Tutti i sintomi della sclerosi multipla possono essere divisi in due gruppi – sintomi primari e secondari.

La maggior parte dei problemi di salute descritti sopra appartengono al primo gruppo di sintomi primari solitamente associati alla SM. “Primari” significa che questi sintomi sono direttamente causati dai danni alle fibre nervose a causa degli attacchi allo strato protettivo della mielina. Alcuni di questi sintomi possono essere trattati cercando di rallentare il danno alle fibre nervose e di prevenire nuovi attacchi di sclerosi multipla.

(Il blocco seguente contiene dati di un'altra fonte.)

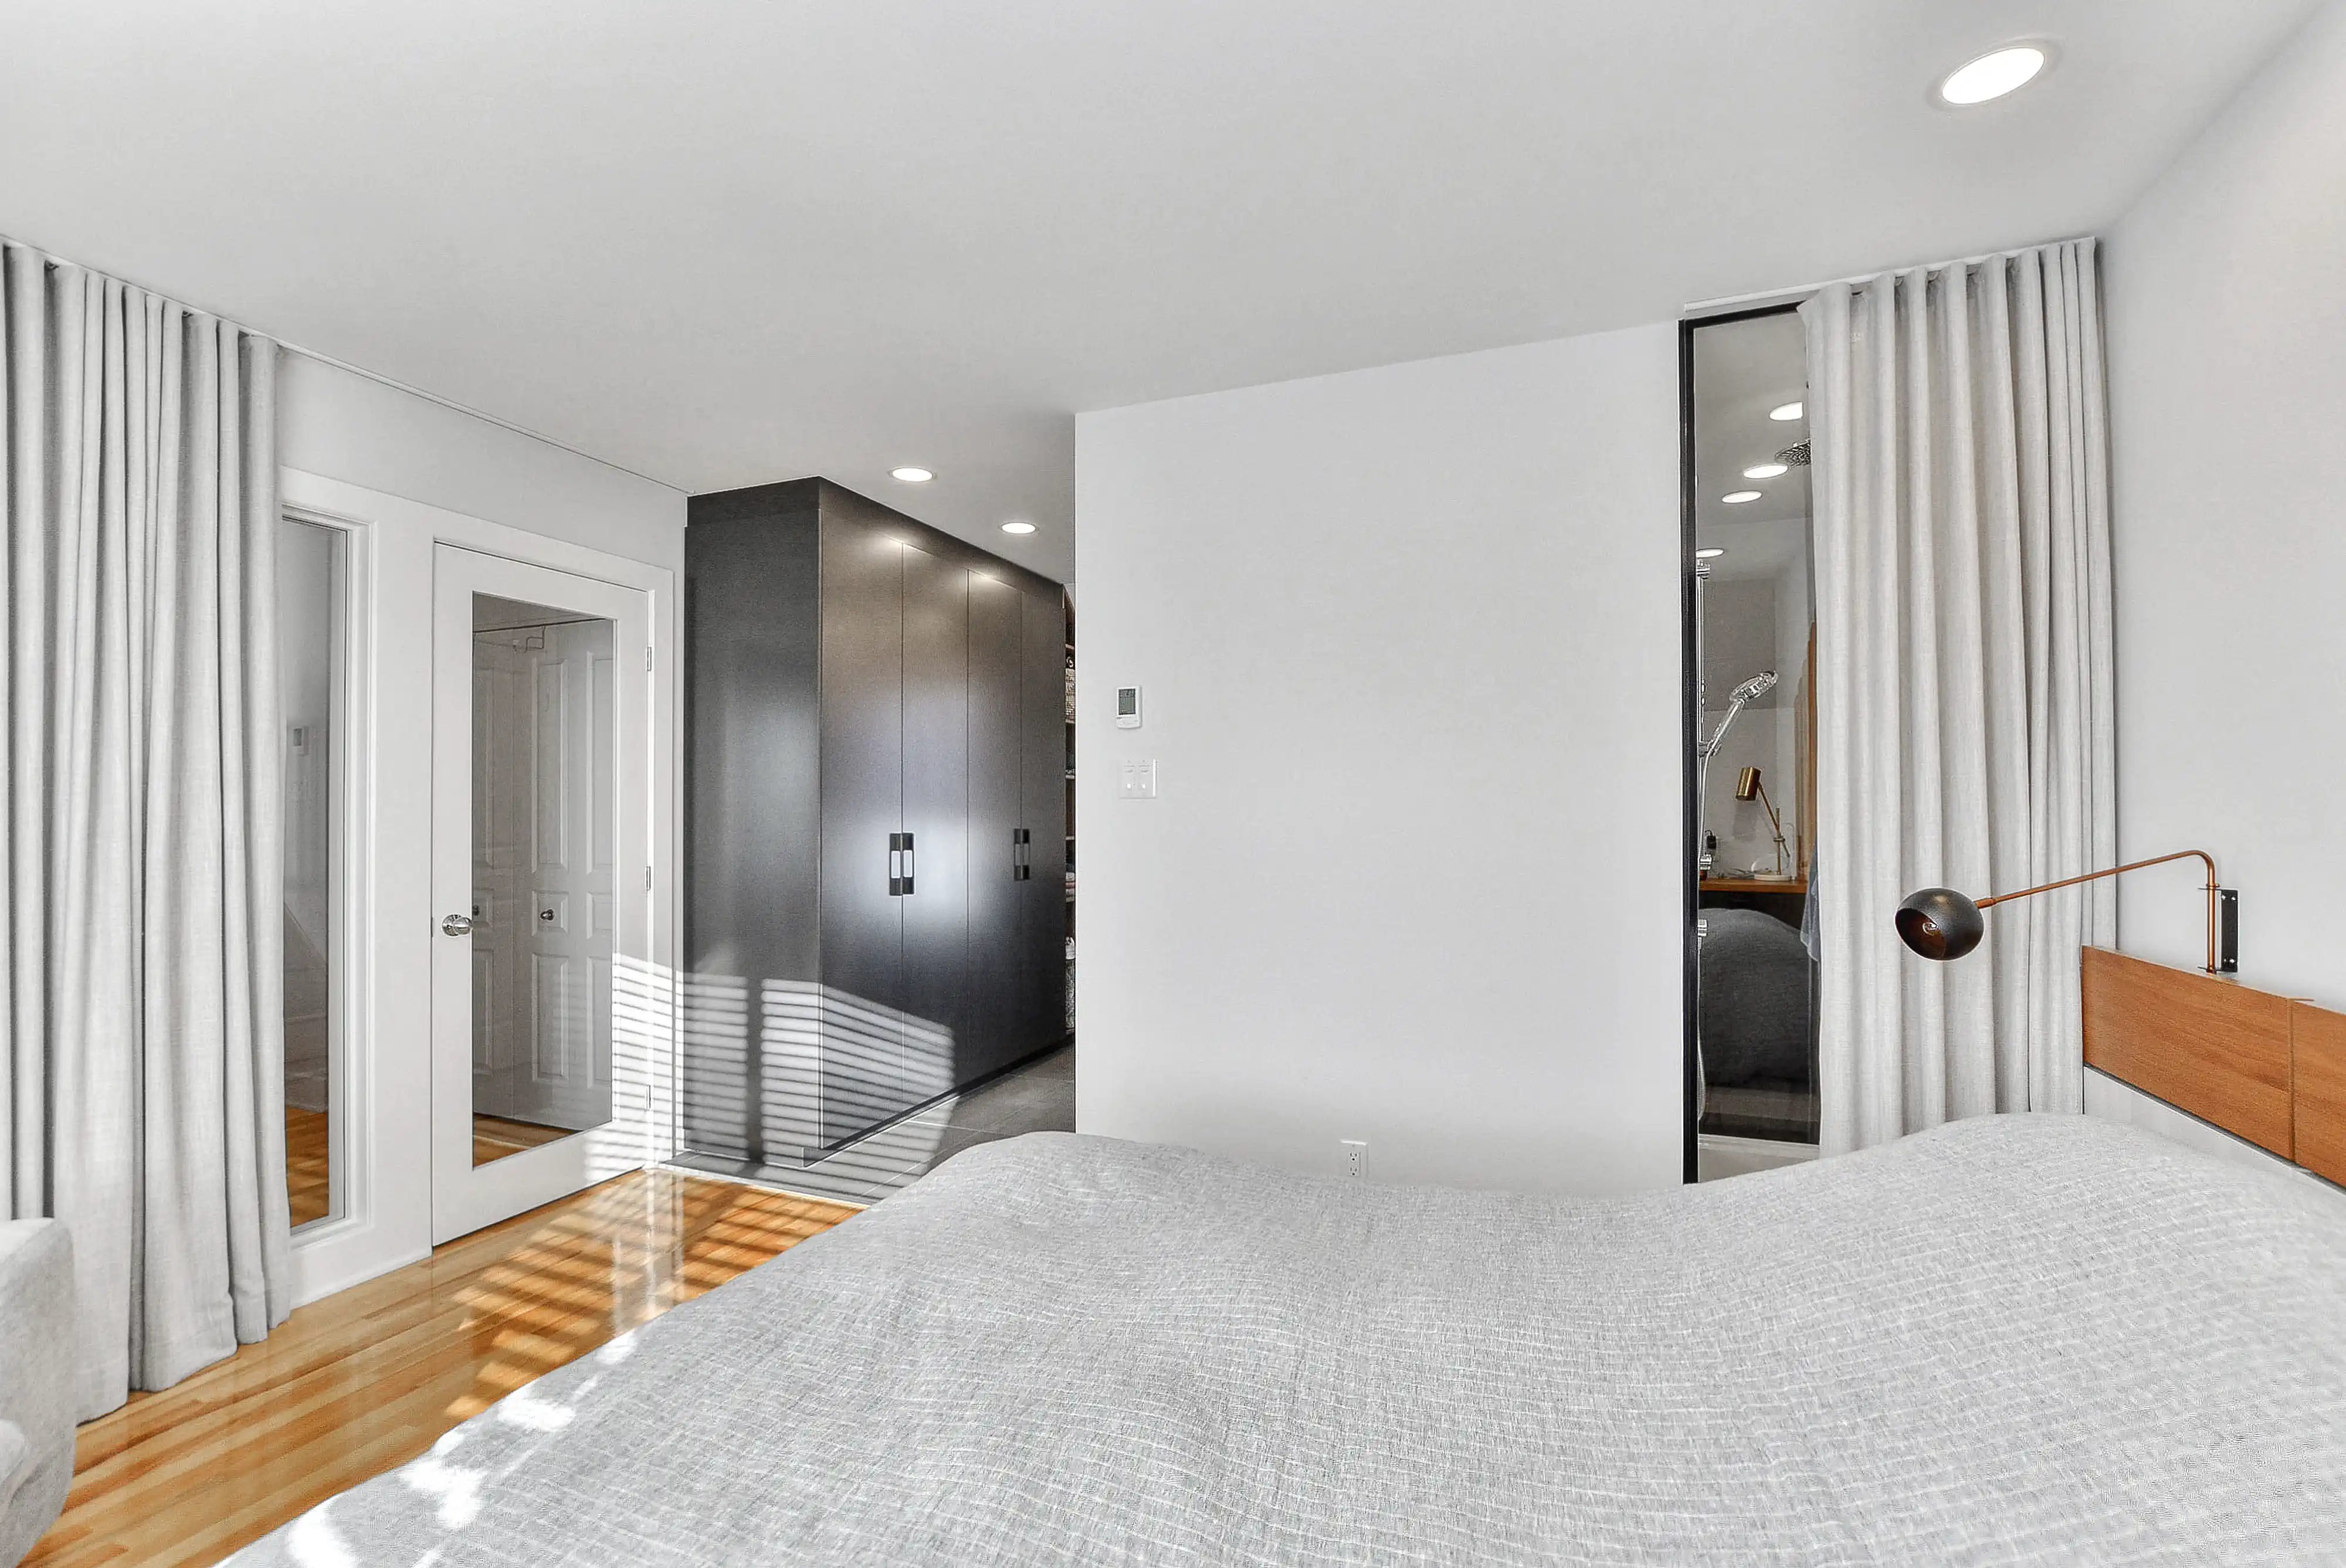 Chambre moderne avec un grand lit, un sol en bois dur et une porte menant à une salle de bain, intérieur signé Sarah Brown Design

Se il danno alla fibra nervosa esiste già, allora possono insorgere sintomi secondari della SM. Questo tipo di sintomi è considerato una complicazione dei sintomi primari. Alcuni dei sintomi secondari possono includere la perdita di tono muscolare con conseguente incapacità di camminare o le infezioni del tratto urinario (UTI) che si sviluppano a causa della debolezza dei muscoli della vescica. Questo tipo di sintomi della SM può essere trattato efficacemente con farmaci, adattamento fisico, creatività e terapia. Tuttavia, trattare la fonte principale dei problemi può prevenirli del tutto. Pertanto, è fondamentale diagnosticare la malattia prima che inizi a progredire, perché in questi casi, inevitabilmente, causerà alcuni sintomi secondari.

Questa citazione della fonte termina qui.